Political Correctness

 

Political Correctness is not too intimidating in most parts of our country and we have a fairly indulgent attitude towards it. But its purpose is to make you toe the party line, and to frighten you off from thinking or saying anything “incorrect.” It is what the Taliban do. It is what Stalin’s purges and Mao’s purges did. It is a form of terrorism to impose uniformity of thought. It is hostile to the individual, the unorthodox, the eccentric; and it defines any deviation as evil.
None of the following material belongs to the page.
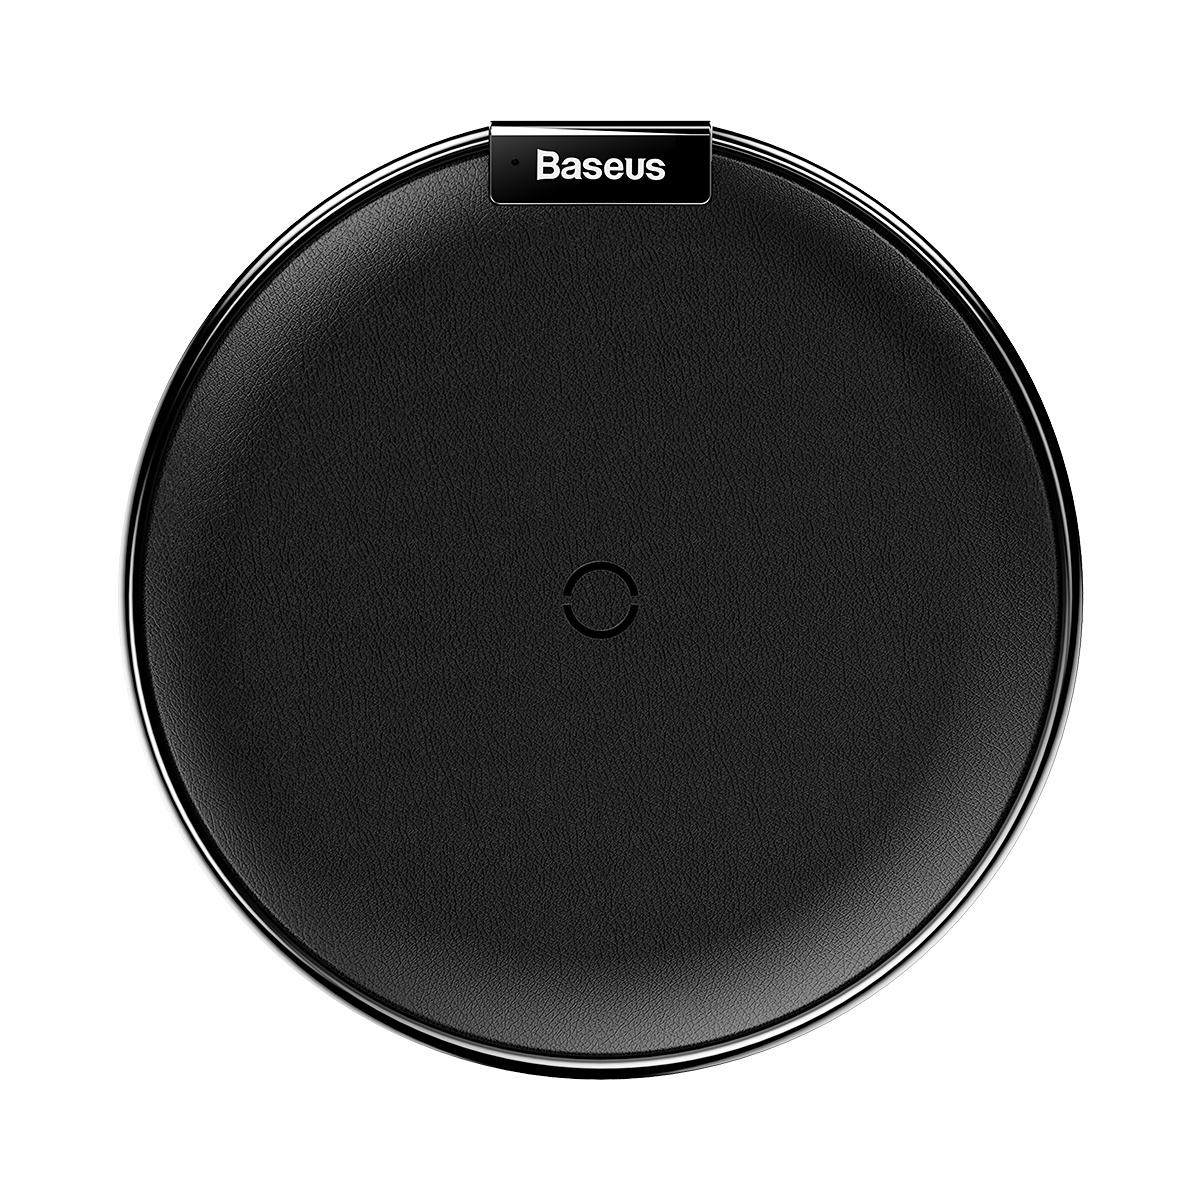 Baseus iX Desktop Wireless Charger Black

Reading The Tragedy of Liberation* recently I was reminded of our British forms of political correctness. In The Tragedy of Liberation Mao’s purges are described in detail. There were four main forms of intimidation:

  • ‘Struggle meetings,’ in which the entire workforce of an institution gathered to see one of its members attacked by a local official for incorrect political attitudes; the crowd was under pressure to join in the attack;
  • ‘Denunciation rallies,’ in which people proved their loyalty and deflected the danger from themselves by denouncing their colleagues or friends or neighbours for incorrect political attitudes;
  • ‘Self-criticism,’ in which loyalists confessed that they had once had other views, or been tempted away from the true path (these self-criticisms were kept on the record and would condemn them some years later);
  • And killing quotas. The usual killing quota for a Maoist campaign was between one point two and two point five persons per thousand of the population. That was the proportion that the leadership estimated would be sufficient to cow and terrify all the people. So, for example, 56,700 people in the province of Henan were killed in the purge of 1950;  45,500 in the province of Hebei;  61,400 in the province of Hunan, and so on. The total for six provinces out of the twenty six, reported to the central administration, was 301,800, so the country-wide total must have been four or five times as many. Unlike Stalin, who disappeared people in the night, without explanation, Mao made his terror explicit and public and forced everybody to watch. In following years there were similar campaigns aimed at ‘Entrepreneurs,’ ‘Capitalist Roaders’ and ‘Foreign Spies.’ When the local administrators had to find these sorts of numbers of ‘foreign spies’ to kill in every province  – in a completely closed country – you can imagine how justice was served.

What I was reminded of was Tony Benn’s de-selection campaign in the Labour Party in the early eighties. He whipped up recruitment of young idealist Red Guards, urging committed left wingers to join local constituency Labour Parties and attack the sitting MPs in meetings modelled on Chinese struggle meetings and denunciation rallies  – for being insufficiently left wing (which meant Bennite – the whole thing was a power grab to control the Labour Party, and ultimately the country).  Ask Frank Field how it felt to be on the receiving end of a campaign of orchestrated vilification.

Far fetched? Bennite bullying did not include the killing quotas, I’ll grant you. Benn signed the book of condolence in the Chinese embassy when the monster Mao died and expressed his admiration for the vicious old brute. He was our Maoist.

The martyrs to Mao are seventy million dead. The number terrorised is an incalculable billion plus. The paranoia in China has not fully abated yet. As for North Koreans, still suffering what Stalin initiated and Mao perfected… may they find their liberation from the liberators soon.

*The Tragedy of Liberation: A History of the Chinese Revolution 1945-57  by Frank Dikȍtter,  published 2013 by Bloomsbury.